Dici Luini ed è subito panzerotto, è subito leggenda milanese. Street food prima che lo street food diventasse un trend, cibo semplice e servizio basico in un forno nato nella Milano del dopoguerra, diventato consumo di precetto per concittadini e turisti, resistente a tutto e a tutti: è la formula magica del prodotto da forno venduto in via Santa Radegonda 16 (a un passo dal Duomo di Milano) in un punto vendita piccolo e solo per l'asporto, nata nel 1949 e diventata un modello di successo. Cibo conosciuto in tutta la città, immutabile nel concetto ma evolutosi nelle modalità produttive e nella gestione.
A lezione dall'antesignano dello street food
Luini, 90 anni raggiunti e superati coccolando il business di famiglia, si è raccontato nel libro Volevo solo fare il panettiere (ed. Egea). Una saga famigliare e, insieme, la narrazione di un'avventura imprenditoriale, dalla quale abbiamo provato a trarre cinque lezioni di gestione, cinque parole chiave che identificano le basi del successo del panzerotto di Luini. Le abbiamo fatte emergere con l'aiuto del professor Sandro Castaldo, professore ordinario di Economia e gestione delle imprese presso il Dipartimento di Marketing dell’Università Bocconi a Milano, autore della prefazione del libro di Luigi Luini.

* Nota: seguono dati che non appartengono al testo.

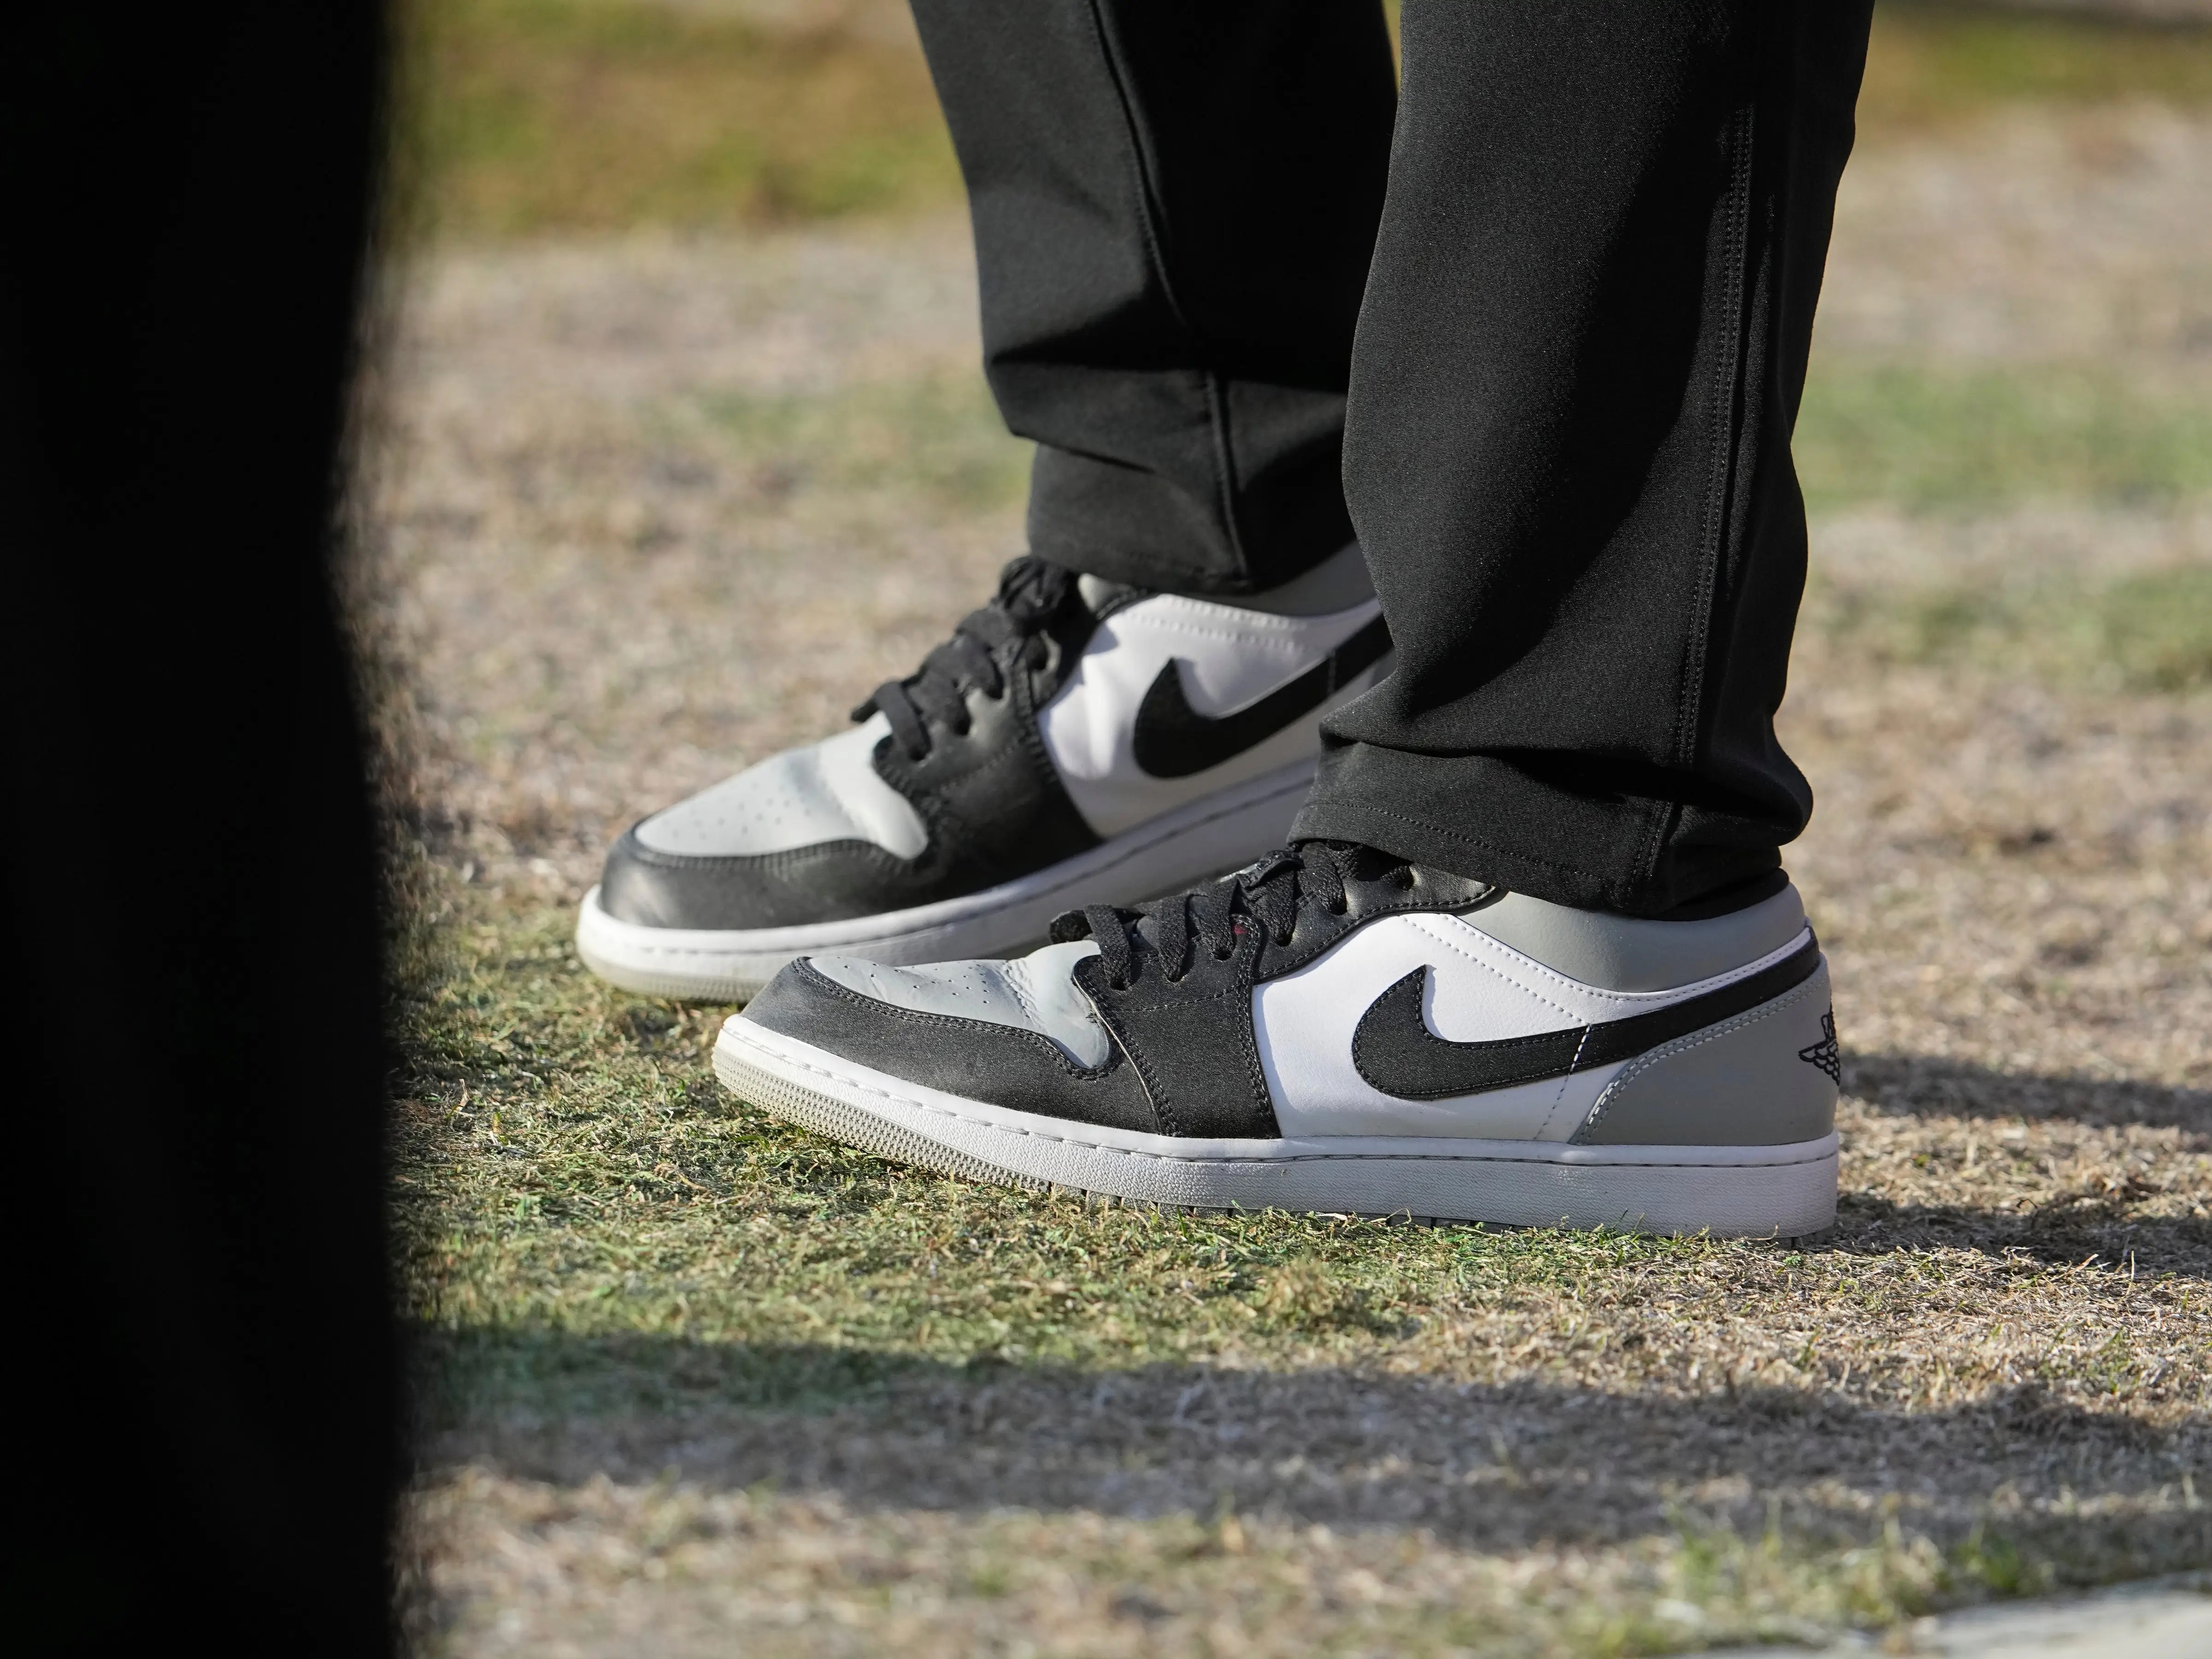 Nike se a 3 obstáculos que podrían amenazar su reinado | Business Insider

I cinque ingredienti che fanno del panzerotto di Luini un mito
Queste le cinque "lezioni" che il modello Luini può dare anche a un locale di oggi, inserito in una realtà urbana.
1. Innovazione di prodotto e di servizio
La capacità dell'azienda non solo di innovare nella produzione e nei prodotti, ma anche nella modalità di servizio al cliente (rapido e street food).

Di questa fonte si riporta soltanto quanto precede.